Note that, according to the above definition, a given bialgebra does not necessarily have an antipode. However, if it has one, it is easy to show that it will be unique (the proof is similar with the one for the uniqueness of the inverse element in a group).

Intuitively, you can say that the antipode map is a kind of generalization of the inverse element in a group. This intuitive interpretation is supported by the fact that for group Hopf algebras -which have been among the first and most well-studied examples of Hopf algebras- the antipode map is given by: $S(g)=g^{-1}$.

The importance of the antipode, from the viewpoint of representation theory, has to do with the fact that the presence of an antipode (i.e. the Hopf algebraic structure), allows one to construct dual representations in a way which is reminiscent of the group representation theory. You can see here, Ch. 9, par. 9.3, p.442, for more details.

P.S.: In the last part of your post, you say

"...looks like without that axiom the product and co-product would be unrelated to each other"

Note that this is not correct. The above relation (in the antipode's definition) is certainly a "constraint" between the algebra and coalgebra structures. However, this is not the only "constraint" between the multiplication and the comultiplication. They need to satisfy a certain constraint for the bialgebra structure (see here for details) and another one (i.e. the present one, described above in the antipode's definition) for the Hopf algebra structure.

A Hopf algebra is an example of an object called a Hopf monoid, which you can define in any symmetric monoidal category. If you have a look at the definition, it looks almost exactly like the definition of a group object, but with tensor products instead of the usual products, and with compatible comultiplication.
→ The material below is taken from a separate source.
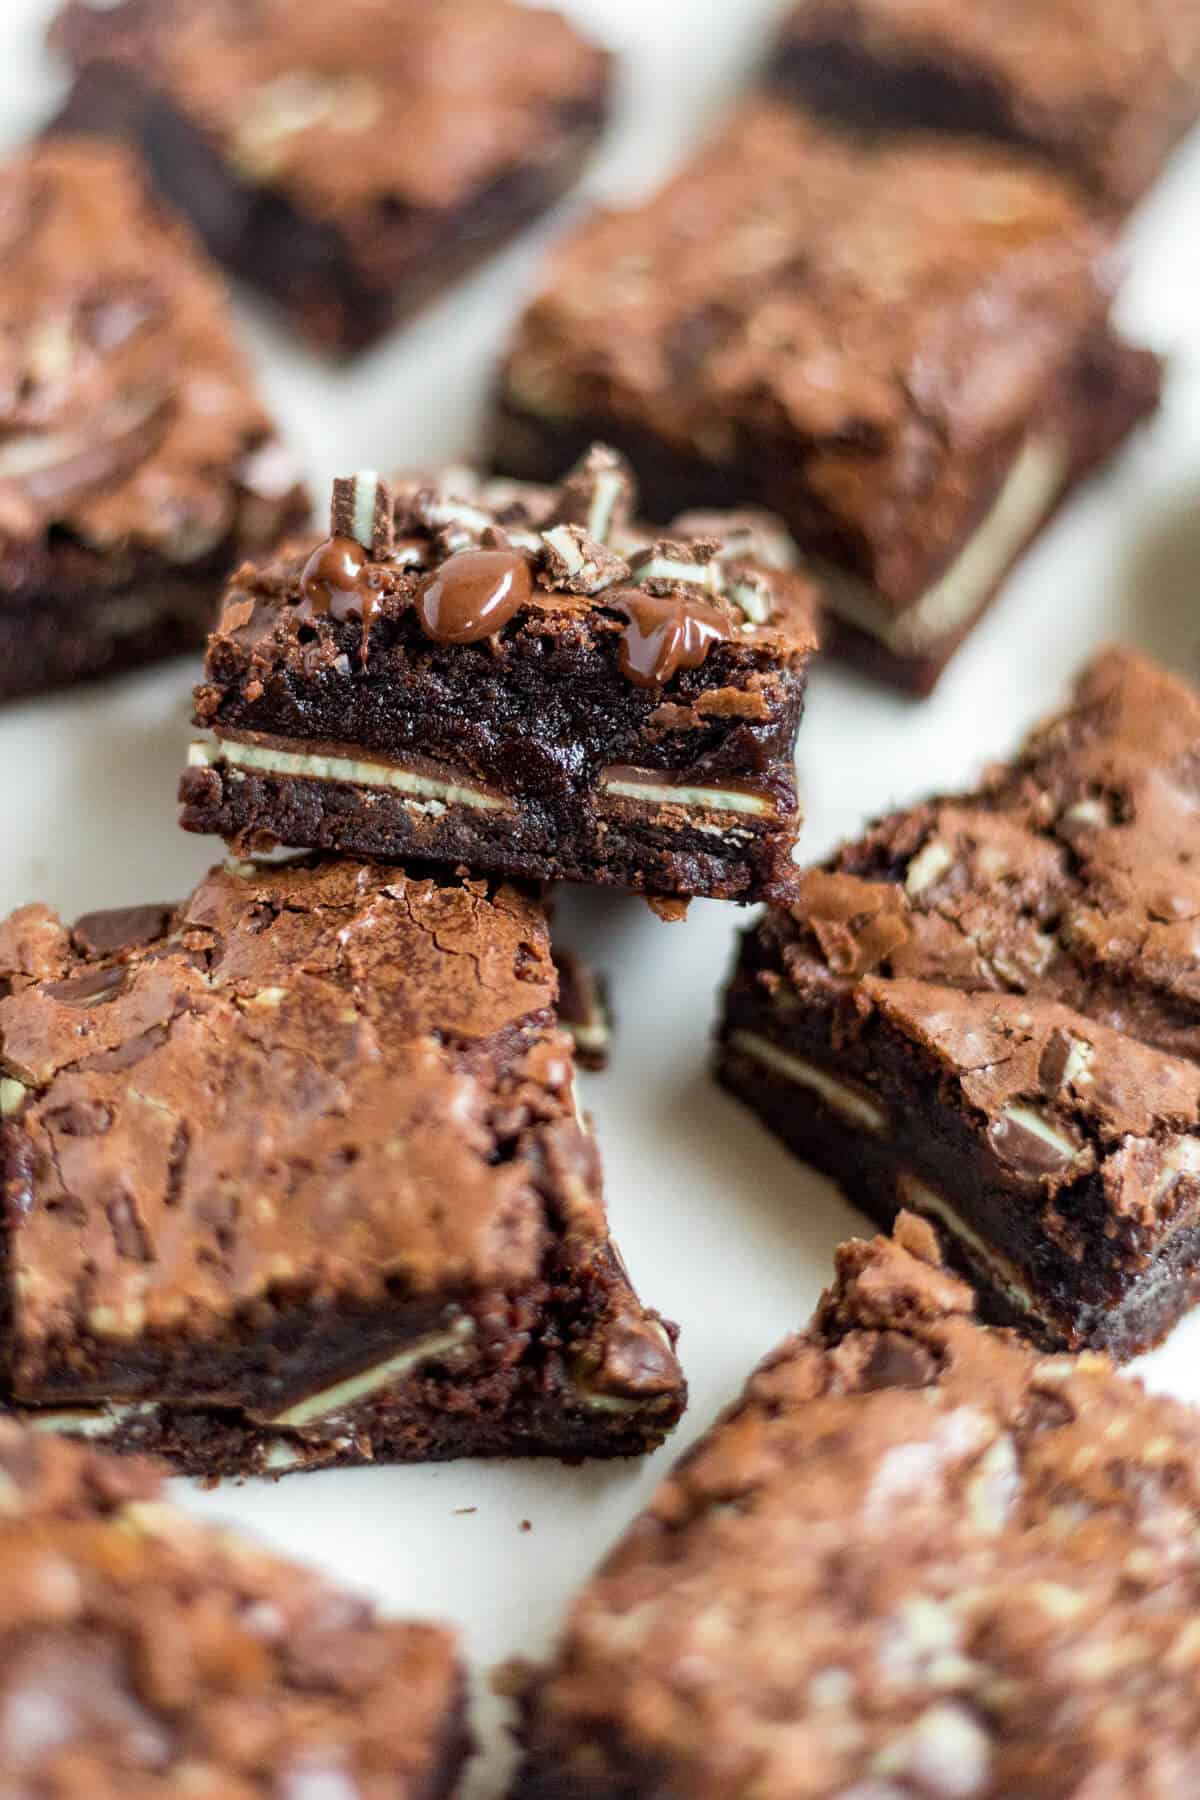 These Andes mint brownies are thick and fudgy! They're homemade brownies with a layer of Andes mints right in the middle. Sprinkle with more chopped mints and drizzle with melted chocolate and serve these at your next holiday party.

However, in any category with products, every object automatically comes with a comultiplication given by the diagonal map, and every monoid object is canonically a bimonoid. Thus, if you consider the category of sets with the Cartesian product as the monoidal product, then a Hopf monoid in the category of sets is precisely a group, and the antipode map is just the inverse map $g \mapsto g^{-1}$ of the group! Similarly Hopf monoids in the category of smooth manifolds are precisely Lie groups.

In the category of $R$-modules ($R$ commutative) with the usual tensor product, a Hopf monoid is just a Hopf algebra. So Hopf algebras are really like "groups" in the category of $R$-modules, and the antipode should be thought of as being like the group inverse.

From the point of view of representation theory, the antipode is essential because it allows you to form the dual representation (just as the antipode=inversion for group representations). This is why, for instance, Lie algebras have dual reps: the universal enveloping algebra is a Hopf algebra!

As an aside: thinking about groups as Hopf monoids in the category of sets is very convenient, because it immediately follows that the tensor algebra $T(V)$ of an $R$-module $V$ is a Hopf algebra, and so is the group ring $R[G]$ of a group $G$.